"Il y a une chose que les Blancs qui ont arrêté la circulation de "Tintin au Congo" n’ont pas comprise. Cette chose, la voici : si certaines images caricaturales du peuple congolais données par Tintin au Congo font sourire les Blancs, elles font rire franchement les Congolais, parce que les Congolais y trouvent matière à se moquer de l’homme blanc qui les voyait comme cela !"
Cette citation [1] est extraite du journal congolais Zaïre. Cependant, tous les Congolais ne semblent pas d’accord avec cette appréciation, car l’un d’entre eux a entamé en Belgique, en 2007, une longue procédure judiciaire tentant de faire interdire l’album.
Ce ne fut qu’un épisode de plus parmi les diverses péripéties qui ont émaillé l’histoire de ce qui est, après "Tintin au Pays des Soviets", le second livre maudit d’Hergé.
Les déboires débutèrent au début des années soixante. En pleine période de décolonisation, la vision du "Noir" (décrit comme "inculte", "sauvage" et "pas très futé") et du "Blanc" (bien évidemment supérieur, intelligent et civilisé), le parler "petit nègre", faisaient tache et l’on fit pression sur Casterman pour qu’il le retire de la vente. Il fut longtemps épuisé. Une décision revue quelques années plus tard, "Tintin au Congo" rejoignant les autres albums dans l’édition traditionnelle à dos carré.

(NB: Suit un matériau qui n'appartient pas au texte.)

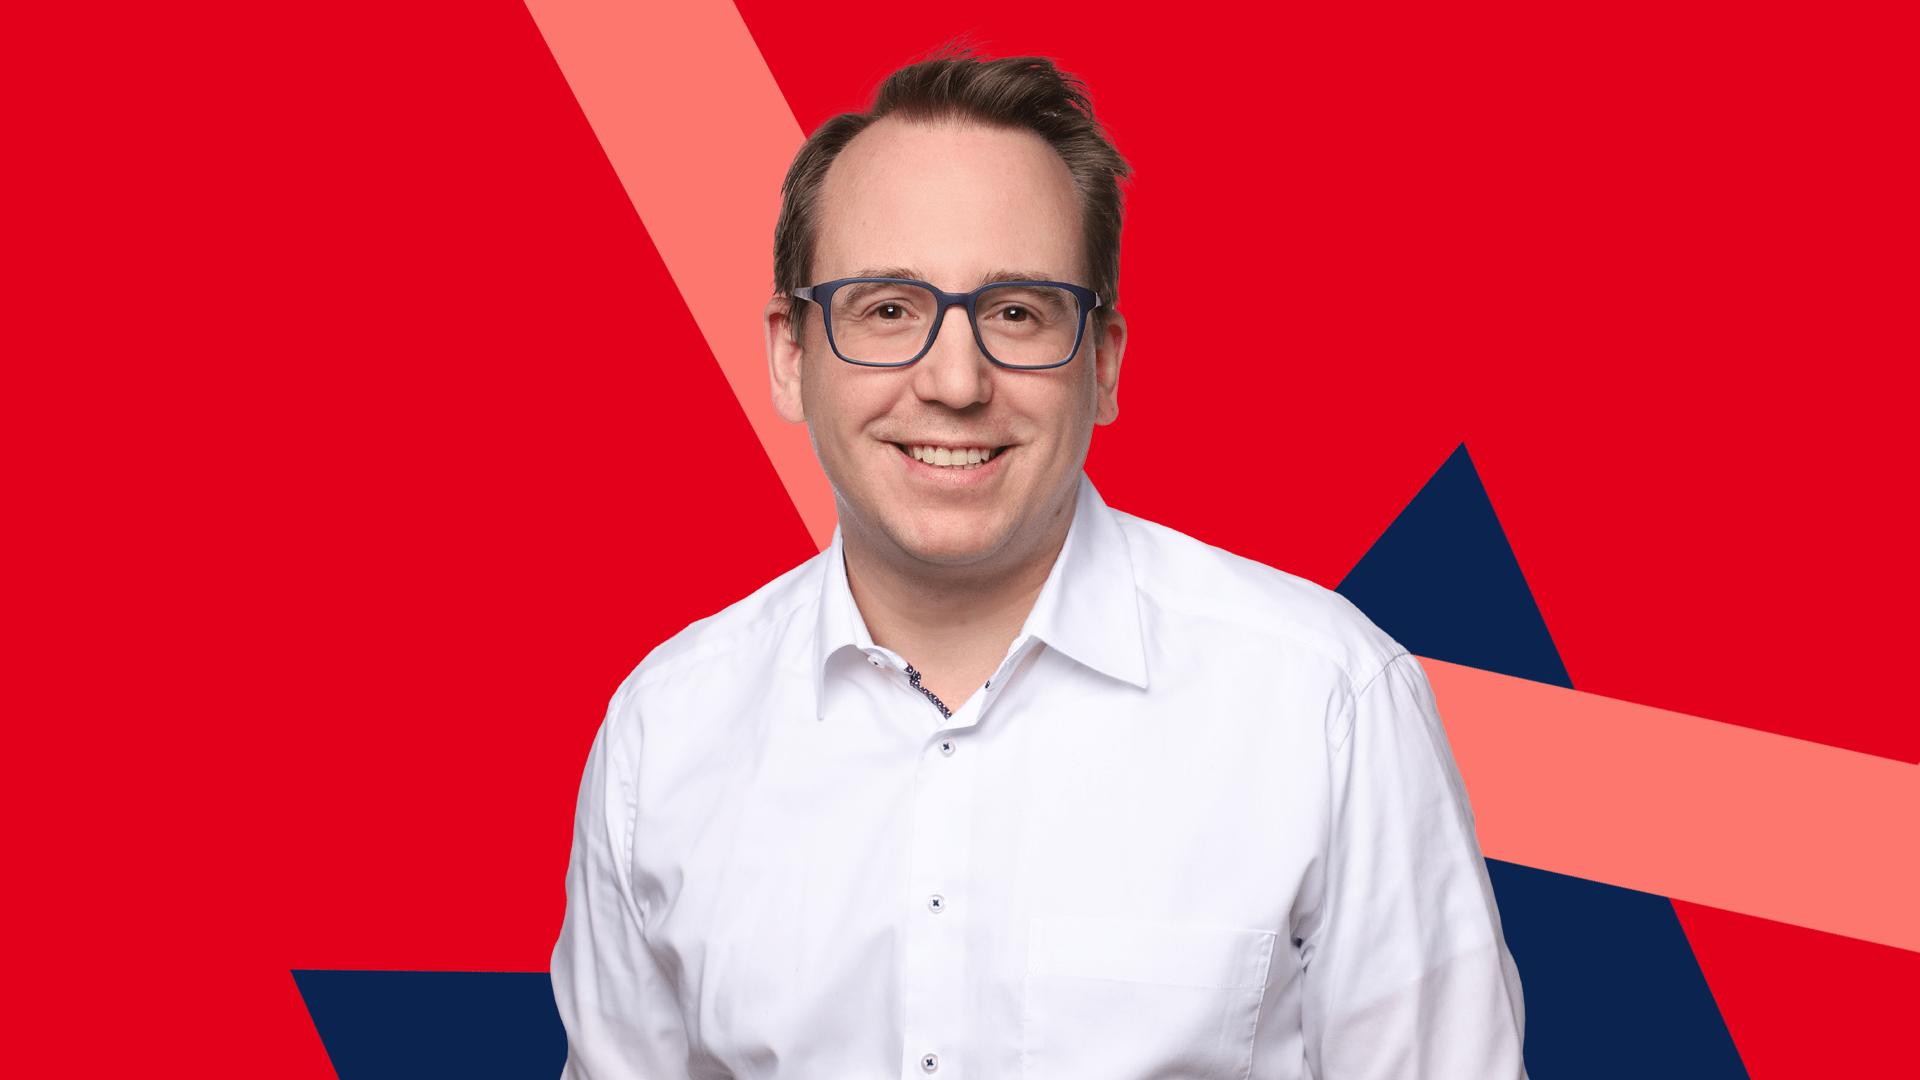 Burkart Jentsch (SPD im Rat)
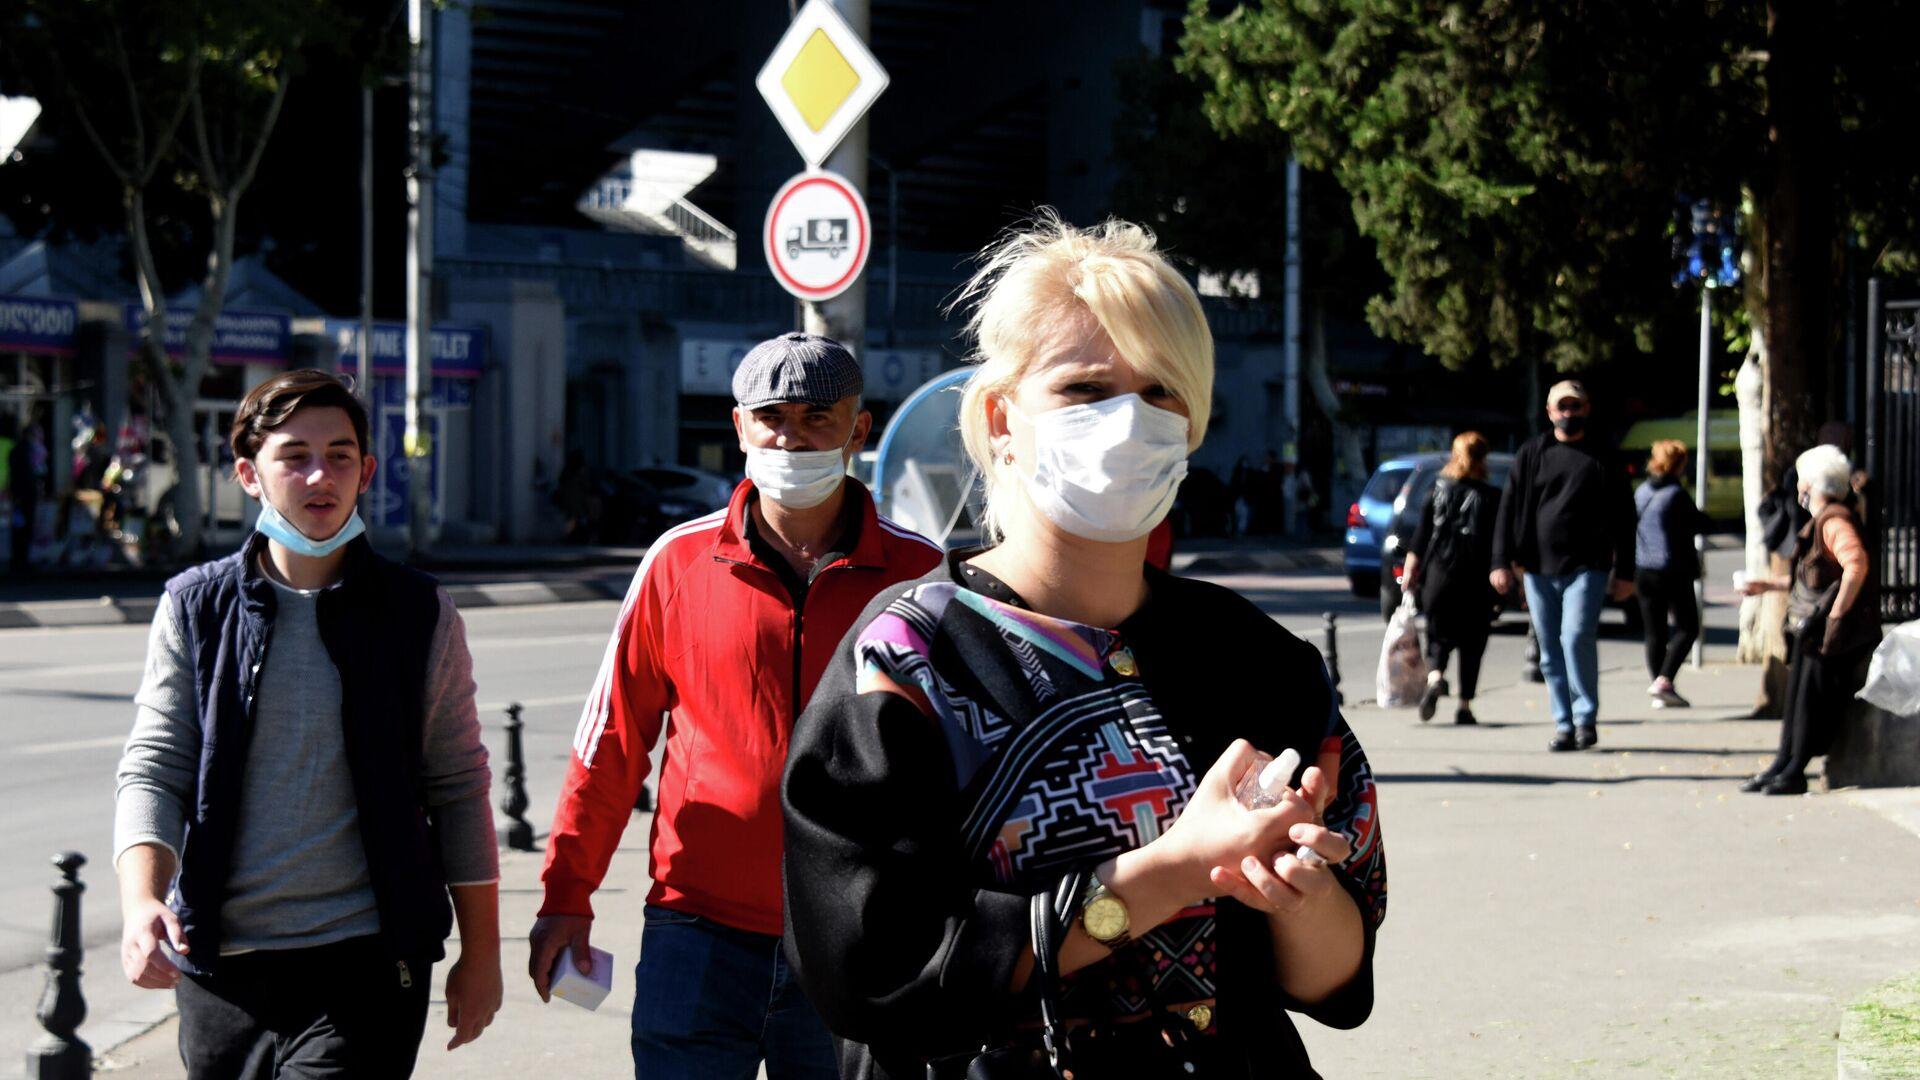 Эпидемия коронавируса - прохожие на улице в масках - Sputnik Грузия, 1920, 05.10.2021

En 2007, ce qui devint finalement "L’Affaire Tintin au Congo" éclatait, par une plainte déposée par un citoyen congolais contre la société Moulinsart et l’éditeur Casterman. Une plainte relayée par le CRAN (Conseil Représentatif des Associations Noires de France), par l’ambassadeur de la République du Congo... et que le plaignant relaya même auprès du roi des Belges, menaçant finalement d’une grève de la faim s’il n’obtenait pas satisfaction. Avant d’en appeler à la Cour européenne des Droits de l’Homme.
Une affaire emblématique pour la liberté d’expression. Le tribunal décida, logiquement, qu’un album tel que celui-là représentait uniquement la vision des années 1930 et qu’il s’agissait d’une œuvre de fiction dans laquelle Hergé pratiquait "un humour candide et gentil". On peut ne pas être d’accord avec cette dernière appréciation, mais il en ressortait néanmoins une décision réconfortante, car elle ne suivait pas la tendance au "politiquement correct", qui fait tellement de dégâts par ailleurs. Une tout autre décision aurait impliqué de facto la censure de milliers d’autres œuvres du patrimoine culturel.
Cette affaire fut suivie et commentée par Nicolas Anspach, Charles-Louis Detournay et Didier Pasamonik sur notre site. Ce livre compile leurs articles, accompagnés d’une sélection des réactions qu’ils ont provoquées. C’est le premier volume de la collection "Chronologie de la bande dessinée", que nous lançons à l’occasion des 20 ans d’ActuaBD.
Ce livre est disponible en version papier, ainsi qu’en version numérique aux formats Kindle et PDF.
(par Patrick Albray)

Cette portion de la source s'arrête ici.